I don't know which one can but... I know that I don't want to have a hornet stink me..:shock: Dang jackets are bad enough....:evil:


----------



## dedebird (May 21, 2010)

yellow jackets used to torment me and my friend all the time we were in her backyard once playing war (i know dorky right xD) when a bunch of yellow jackets came into our hideout and chased us around the yard haha i'm so glad i didn't get stung i've never been stung but i stay away from them cause i might be alergic because my sister is alergic


----------



## MissasEquineDesign (May 17, 2010)

I'm not sure... I think its the yellow jackets, but i could be wrong


----------



## CloudsMystique (Mar 3, 2009)

Here's my story...


I was riding Mystique bareback on the trail last Wednesday when a bee flew into her forelock and got stuck.
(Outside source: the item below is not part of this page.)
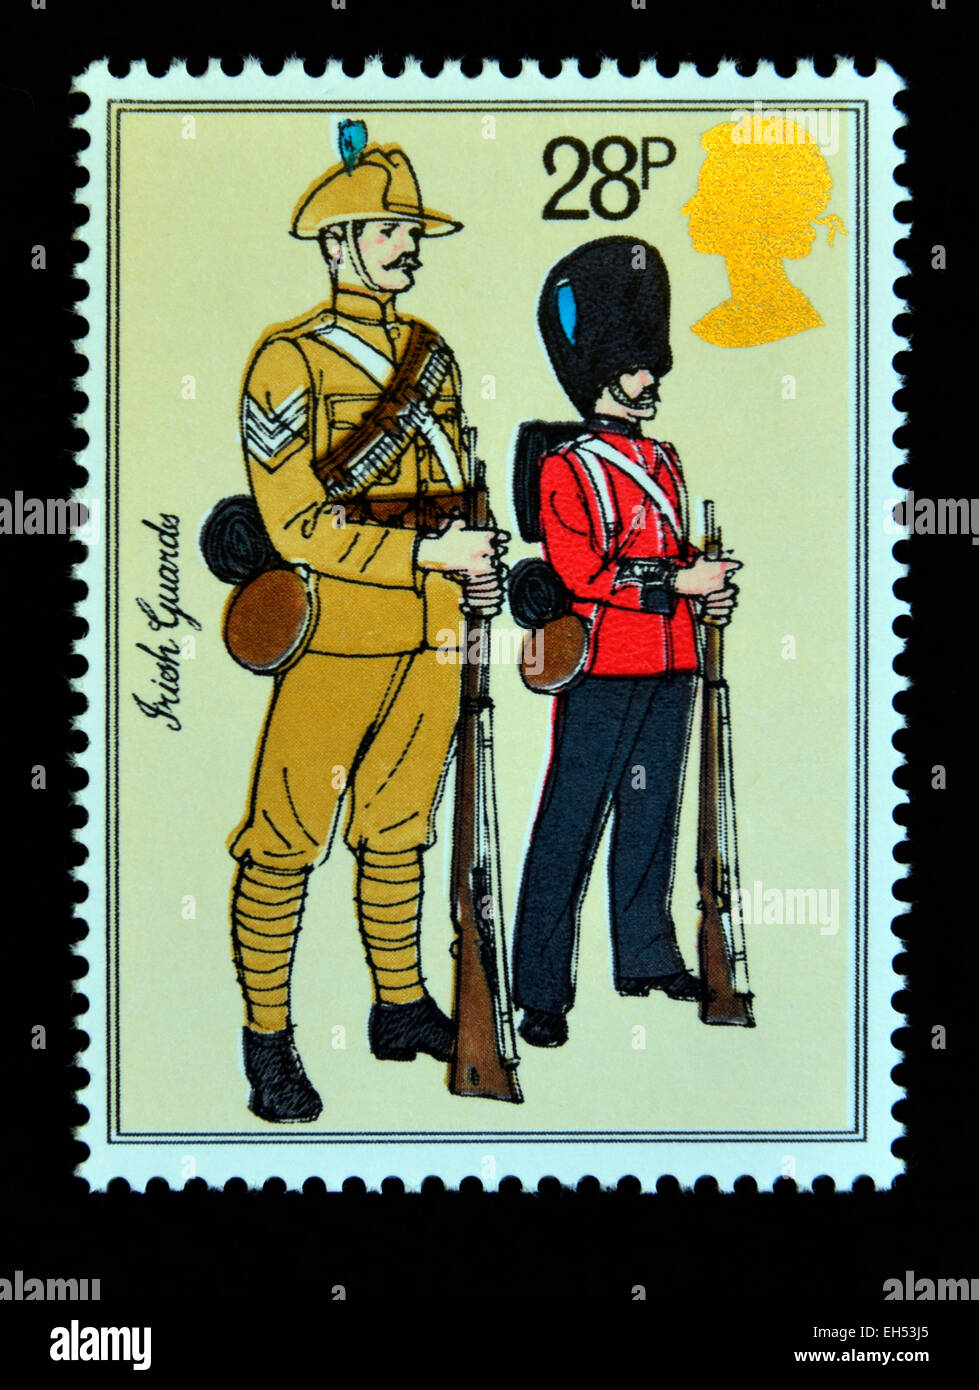 Francobollo. La Gran Bretagna. La regina Elisabetta II. 1983. Esercito britannico uniformi. Irlandese guardie. 28p. Foto Stock

It was hanging between her eyes - freaking out because it was stuck - and buzzing reallllly loudly. At first, she just threw her head a little, and I just kind of sat there because I assumed it would get itself free soon. Well... it didn't, and she started getting more freaked out. She started executing a perfect reining spin at 100mph whilst throwing her head, neck, and shoulders up and down. I was equal parts thrilled by her spin and worried about my balance, haha. Eventually I half-fell-off and half-emergency-dismounted and swatted the bee out of her forelock. Nobody was stung : ]


----------



## SorrelHorse (Apr 9, 2009)

Bald Faced Hornets. Those things take a snapshot of your face and remember you forever.
_Posted via Mobile Device_


----------



## Mingiz (Jan 29, 2009)

CloudsMystique said:


> Here's my story...
> 
> 
> I was riding Mystique bareback on the trail last Wednesday when a bee flew into her forelock and got stuck. It was hanging between her eyes - freaking out because it was stuck - and buzzing reallllly loudly. At first, she just threw her head a little, and I just kind of sat there because I assumed it would get itself free soon. Well... it didn't, and she started getting more freaked out. She started executing a perfect reining spin at 100mph whilst throwing her head, neck, and shoulders up and down. I was equal parts thrilled by her spin and worried about my balance, haha. Eventually I half-fell-off and half-emergency-dismounted and swatted the bee out of her forelock. Nobody was stung : ]


 
Oh sorry but that picture is funny.. Hanging on bareback to a spinning horse....:shock: Glad it all worked out for you. :wink:


----------



## travlingypsy (Apr 5, 2008)

^^ I agree I would of paid to see that. Good thing you didnt get stepped on when going off tho


----------



## CloudsMystique (Mar 3, 2009)

I'm sure it was hilarious. I happened to be riding past a sports area (4 soccer fields, 4 baseball fields, and 2 football fields) and there were games going on, haha.


----------



## travlingypsy (Apr 5, 2008)

lol, they were probably saying "who is that crazy horse chick?...show off!"


----------



## CloudsMystique (Mar 3, 2009)

Haha ; )


----------



## apachiedragon (Apr 19, 2008)

Yellow jackets can sting more than once and will stay after you forever! The hubby was mowing hay in a pasture at my old barn and ran over a hive. They chased him and the tractor clear to the other end of the property. He thought he was going to have to dive in the water trough to get away from them. Good thing he found them and not the horses. Went back later that night and took care of the hive after they had turned in for the night.


----------



## travlingypsy (Apr 5, 2008)

How did you get ride of them? Ive never actually had to deal with a have on my property, lucky me


----------



## CloudsMystique (Mar 3, 2009)

travlingypsy said:


> How did you get ride of them? Ive never actually had to deal with a have on my property, lucky me


You get your boyfriend to spray the nest with bug spray while you watch through a window. It's very entertaining ; )


----------



## travlingypsy (Apr 5, 2008)

lolo To bad I dont have a man!


----------



## apachiedragon (Apr 19, 2008)

Lol, that works...sort of. What works better is to wait until after dark, when they've all gone back down into the ground, and then pour gas or kerosene down the hole. Kills them all and they won't rebuild somewhere else.


----------



## travlingypsy (Apr 5, 2008)

Really? You dont have to torch it?


----------



## Mingiz (Jan 29, 2009)

Nope you don't have to torch it. LOL Some do...When we find a nest we mark the spot and as the OP said go back after dark and get them nasty ******s when they sleep..Same with wasp nest..


----------



## travlingypsy (Apr 5, 2008)

yeah after dark sounds much more safer :3


----------



## Mingiz (Jan 29, 2009)

It is  unless ya wanna be like the other OP and watch your S/O dance around....:lol:


----------